Furthermore, you cannot replicate the trust and faith that brands and institutions build with their audiences just because you’re using the same tools they are. That’s just not how public relations or community management works. When I see the Office of National Intelligence doing nothing but aggregating content, disabling private messages and ignoring all questions and inquiries on Facebook, I see an organization completely missing the point of what social media is supposed to do. In an age where connecting with customers, constituents and concerned citizens is easier than ever, some organizations seem all the more determined to shut out peoples’ voices or just marginalize social users as geeky shut-ins with no social lives.

 

I’ve already heard the counter-argument from friends who work in politics that regulatory concerns prevent government agencies from being more transparent, which is a ridiculous excuse.
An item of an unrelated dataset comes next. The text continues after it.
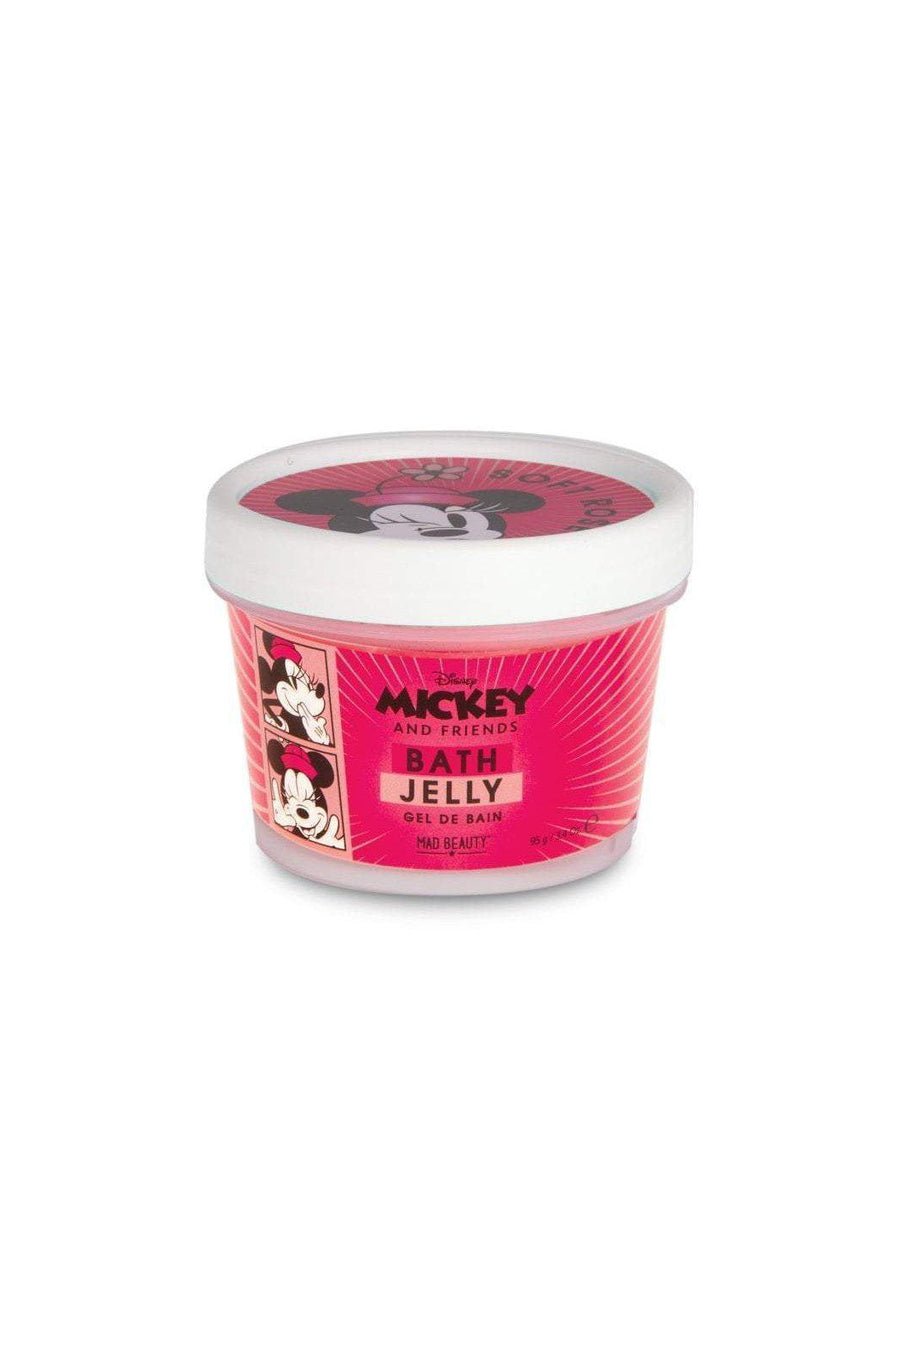 Buy Disney Mickey &amp; Friends Bath Jelly at Spoiled Brat  Online - UK online Fashion &amp; lifestyle boutique
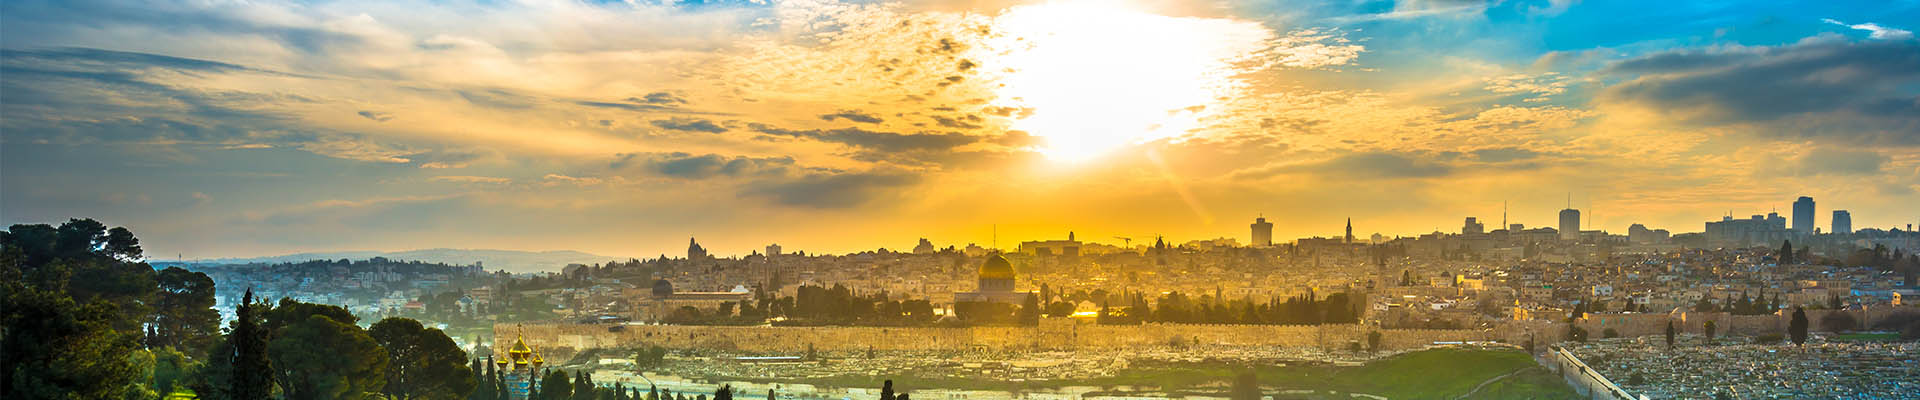 The Best of Israel 8 Day Christmas Tour Dec. 19-26, 2025

If your intent is to be transparent but your ability to use these platforms is crippled by regulations and bureaucracy, why are you even using them? Either find alternate ways of reaching people or work on updating your policies so that they’re in line with the world we live in. Don’t expect people to consider it reasonable when you cite regulatory concerns for ignoring their inquiries on Facebook.

 

You can’t become more transparent by just saying you’re going to become more transparent and by the mere act of joining a popular social network. That’s just not how social works, let alone how reality works. Nor is just being on these social networks going to encourage people to trust you. Your institution needs to reevaluate everything it does, how it acts, and how people respond if you want to encourage trust, and from there you can develop social tools and use them correctly. If you expect to build the second floor of a house when the first story is barely standing up, you’ll never be happy with your results.